What you are asked to do => Skip the pictures. Transcribe the rest of the data below without changing a word.

Data provided =>

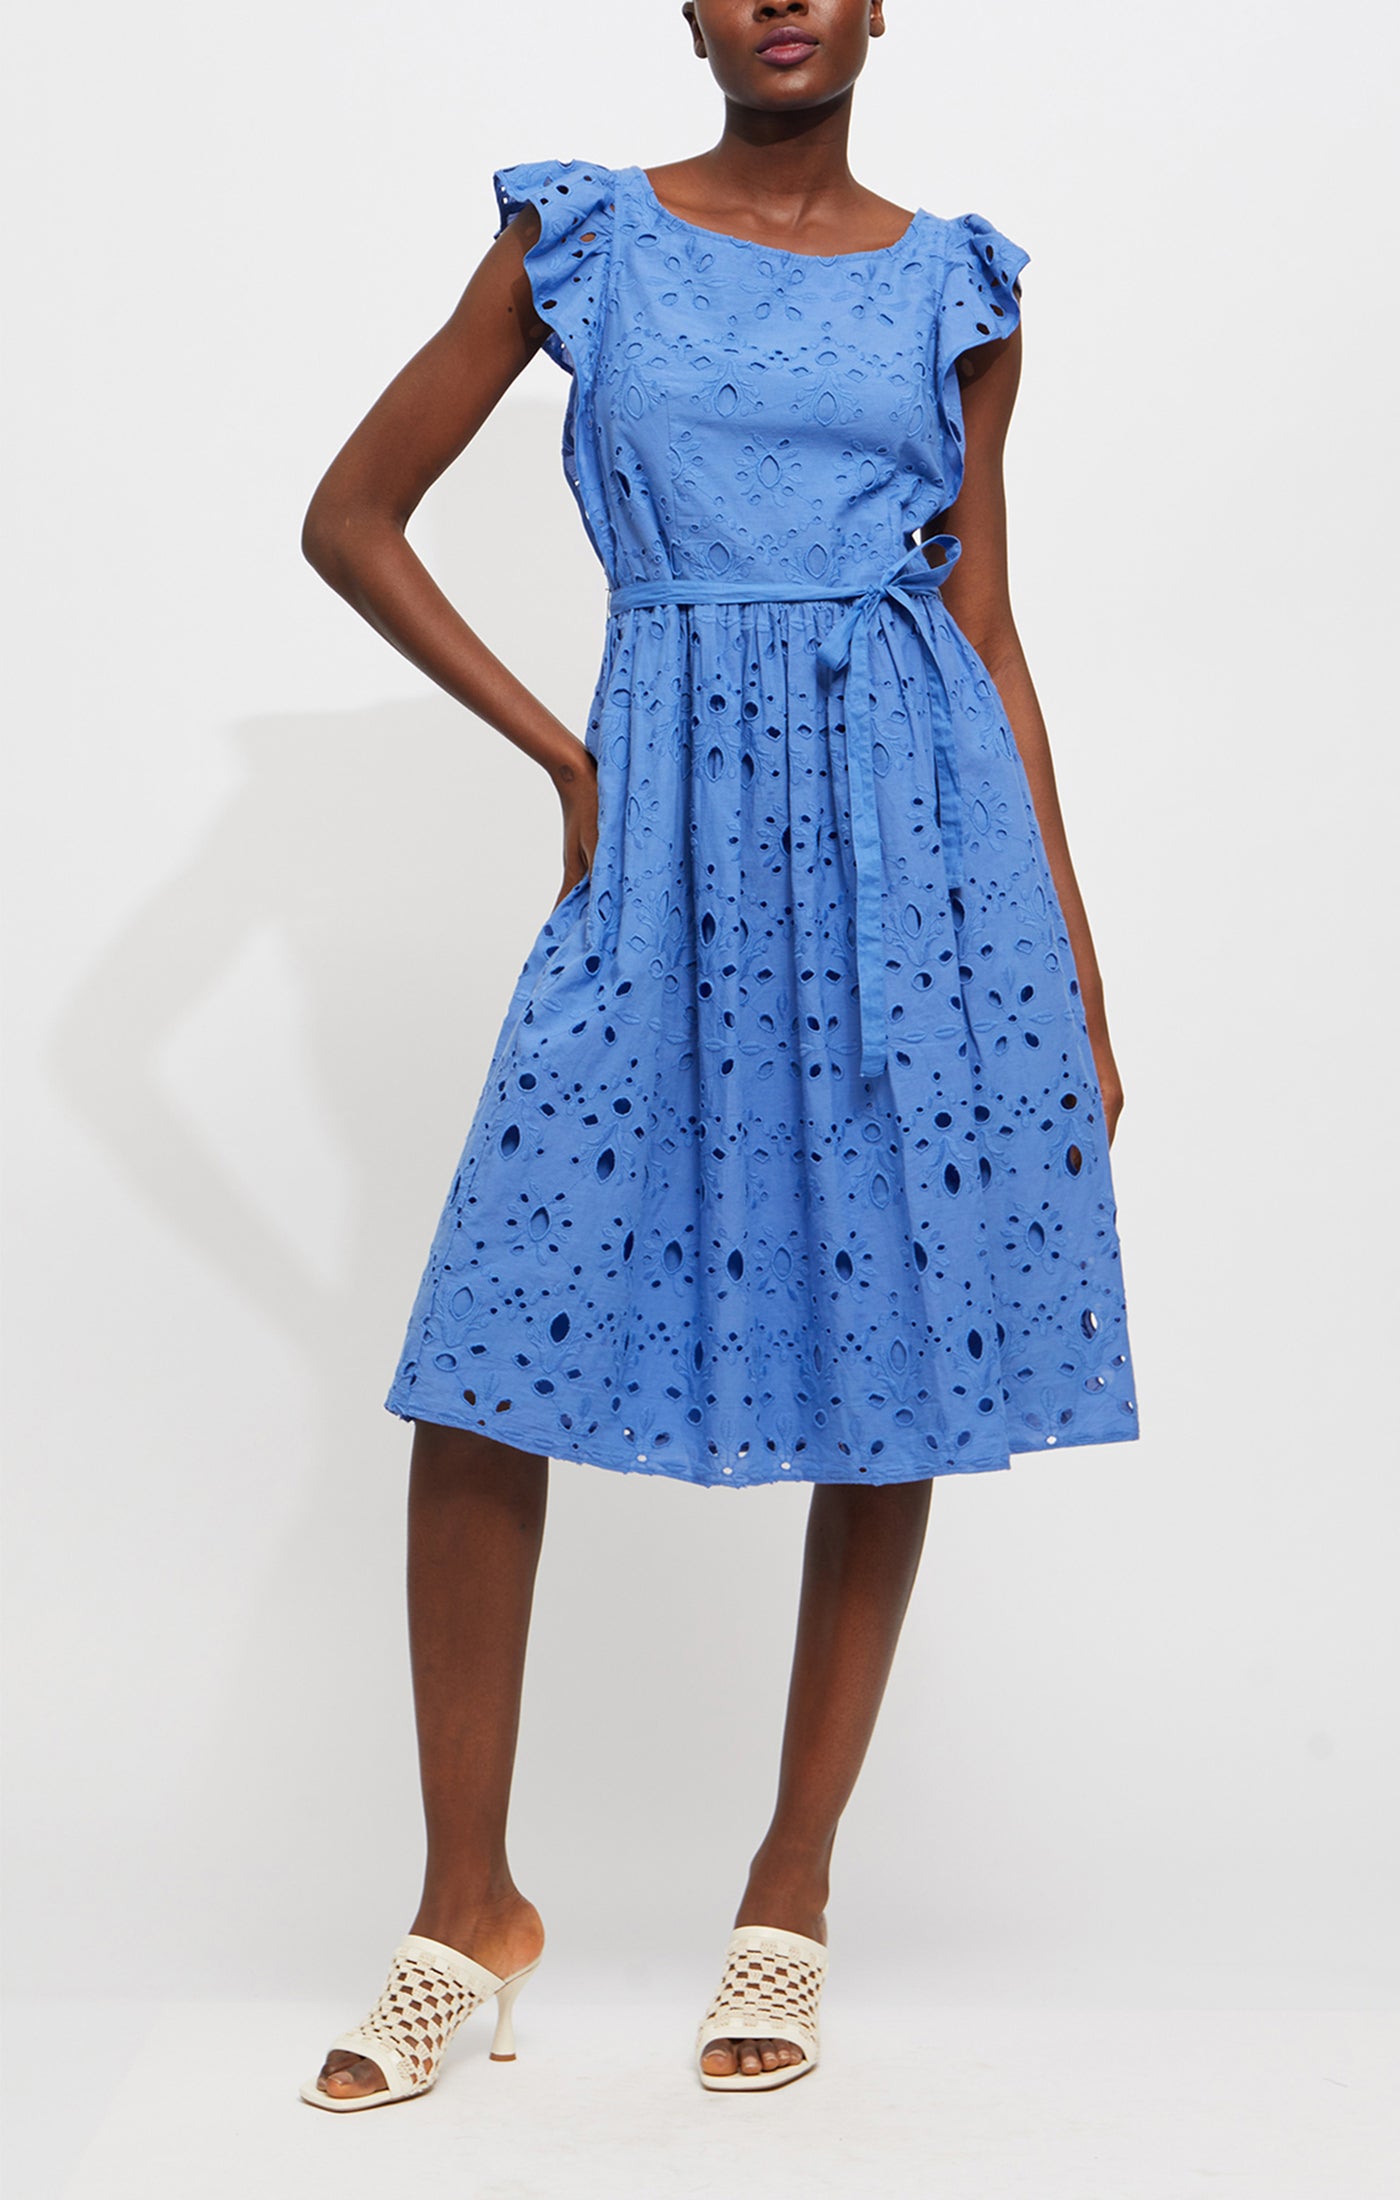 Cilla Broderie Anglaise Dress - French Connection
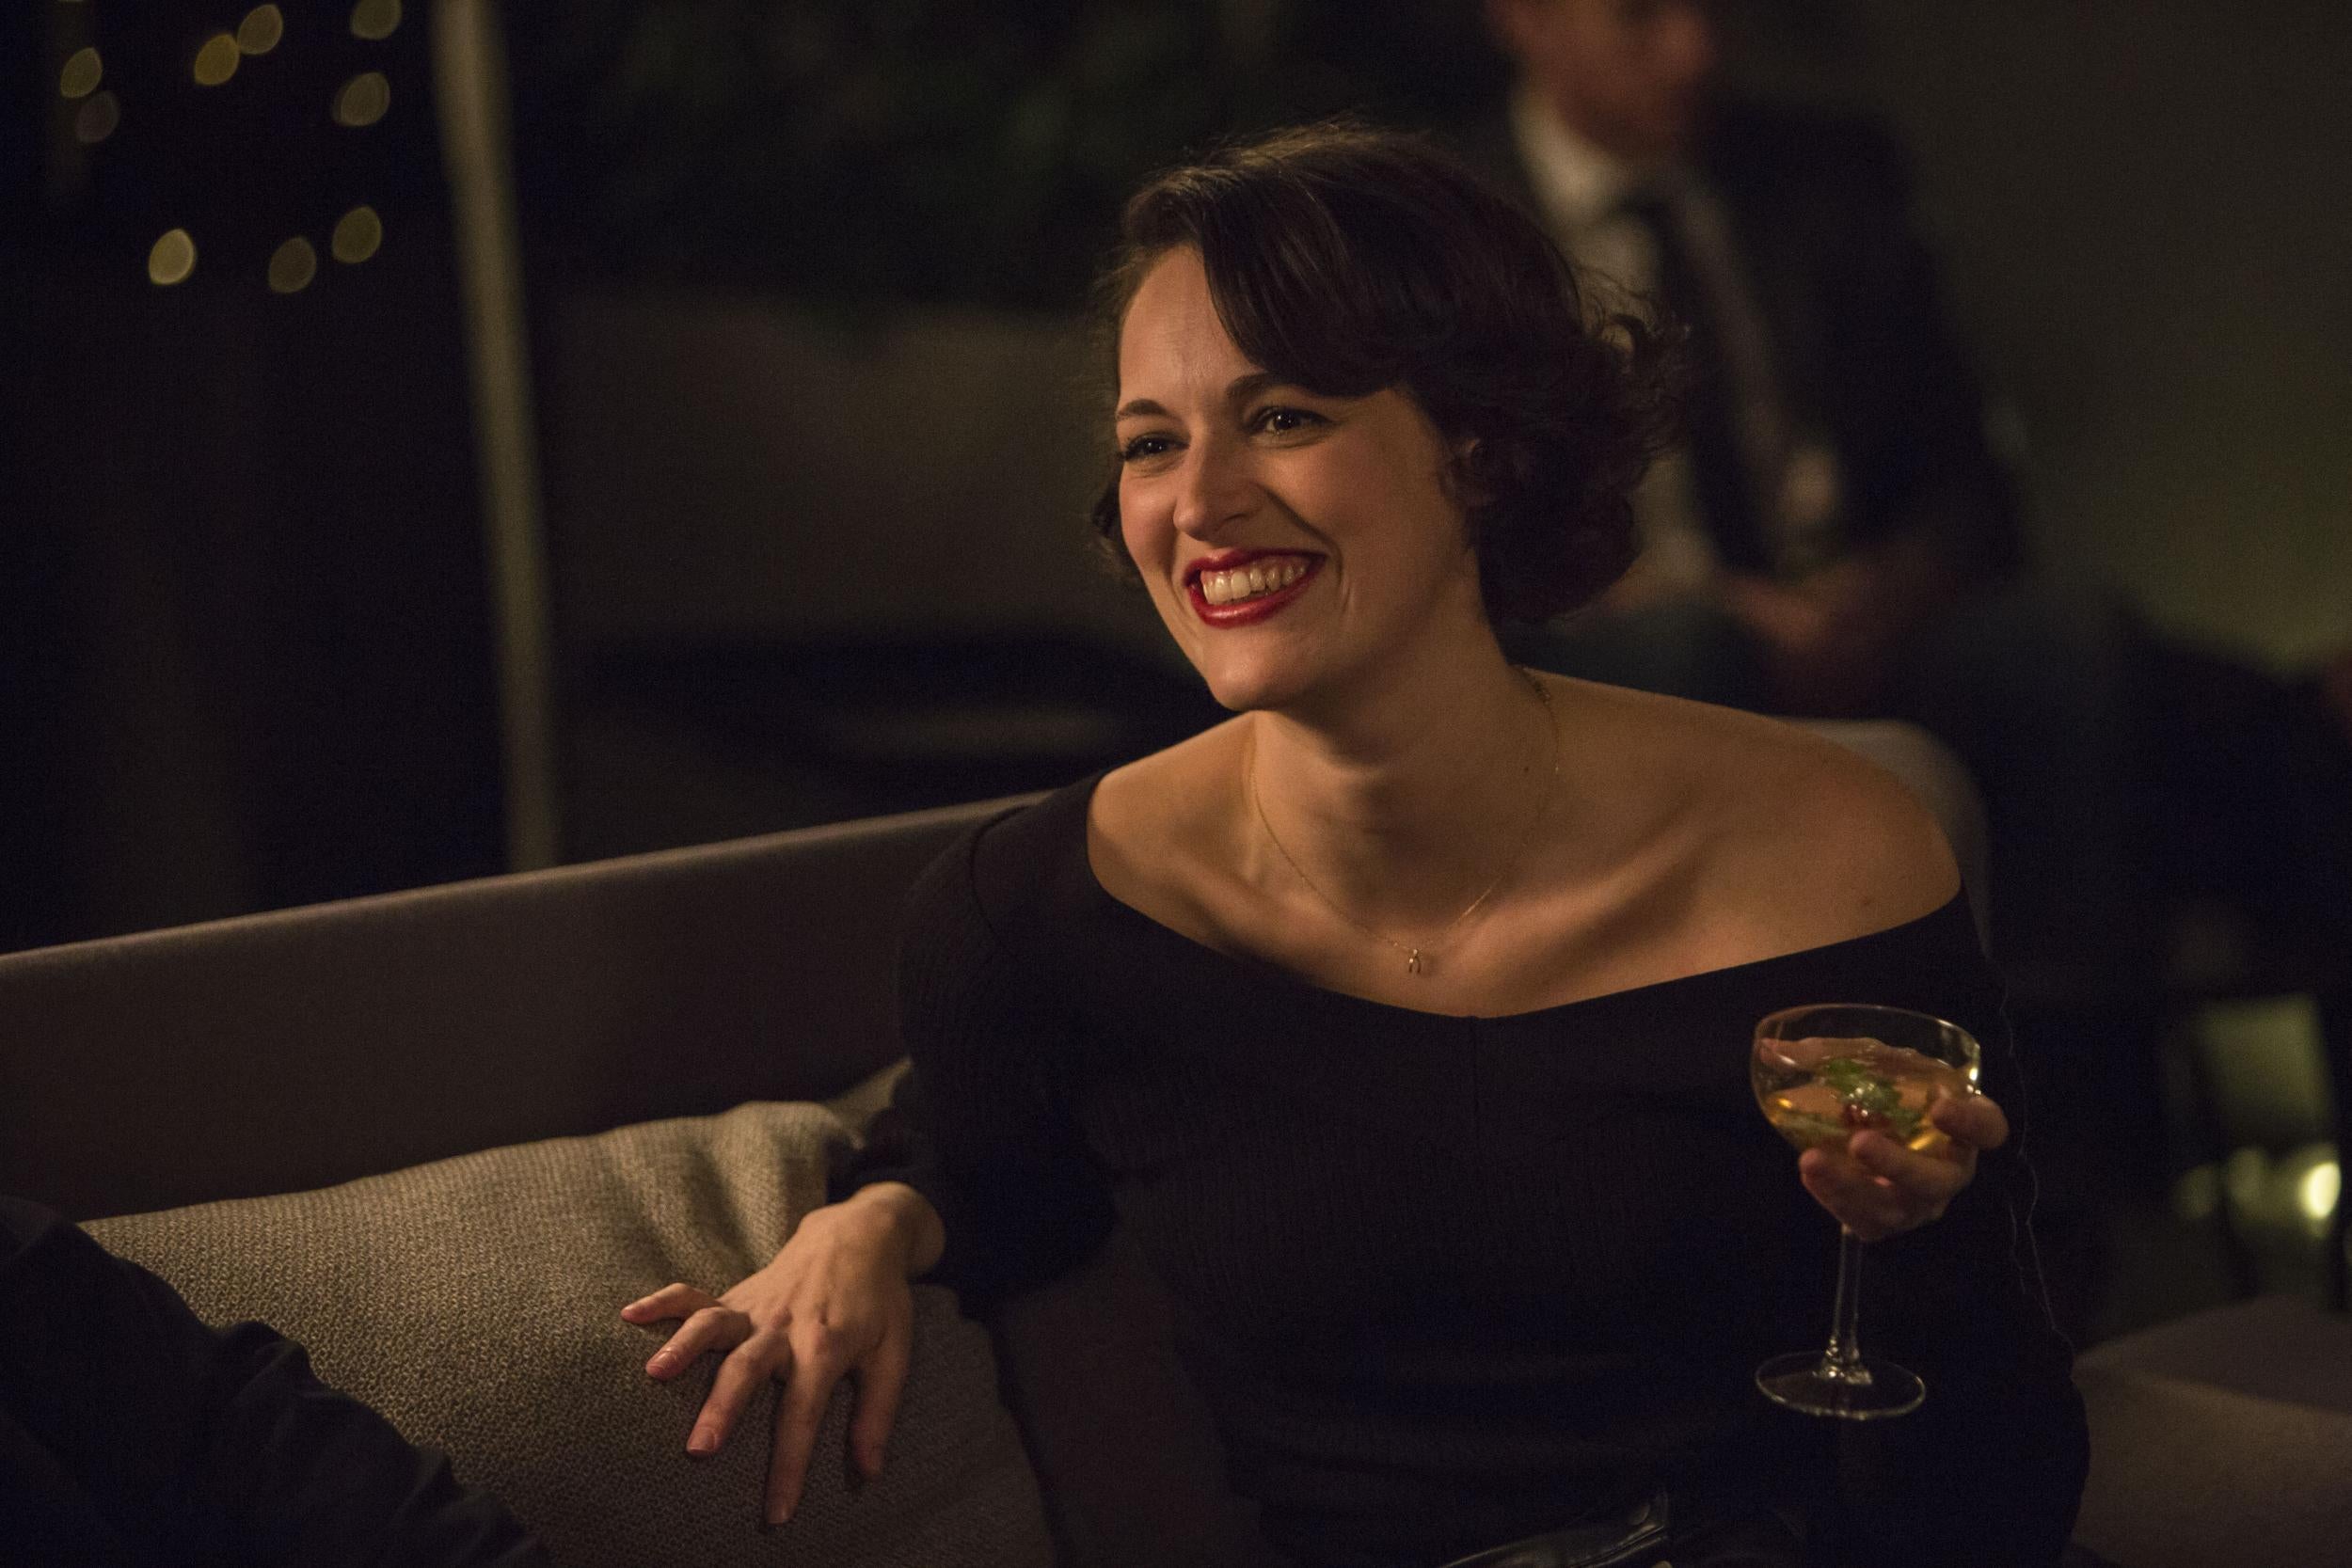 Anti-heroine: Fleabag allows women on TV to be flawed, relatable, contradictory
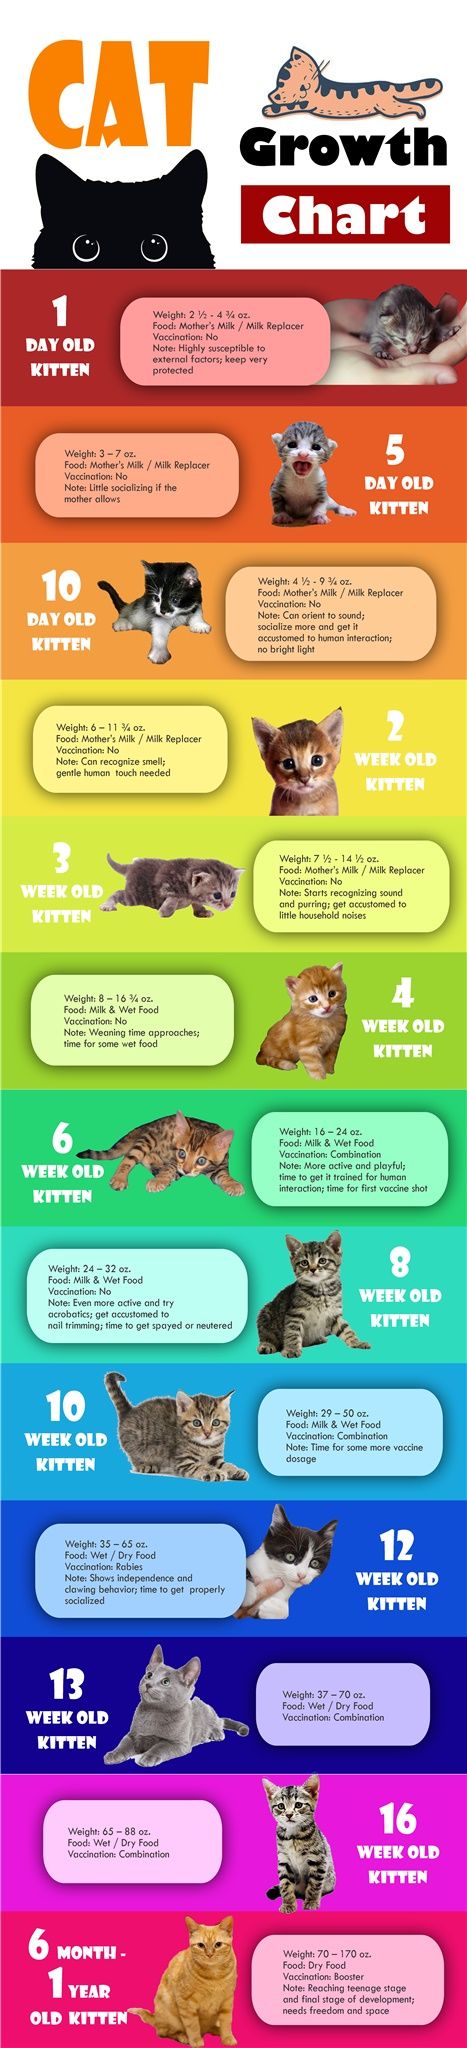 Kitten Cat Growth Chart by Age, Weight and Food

Task result =>
 Cilla Broderie Anglaise Dress - French Connection
 Anti-heroine: Fleabag allows women on TV to be flawed, relatable, contradictory
 Kitten Cat Growth Chart by Age, Weight and Food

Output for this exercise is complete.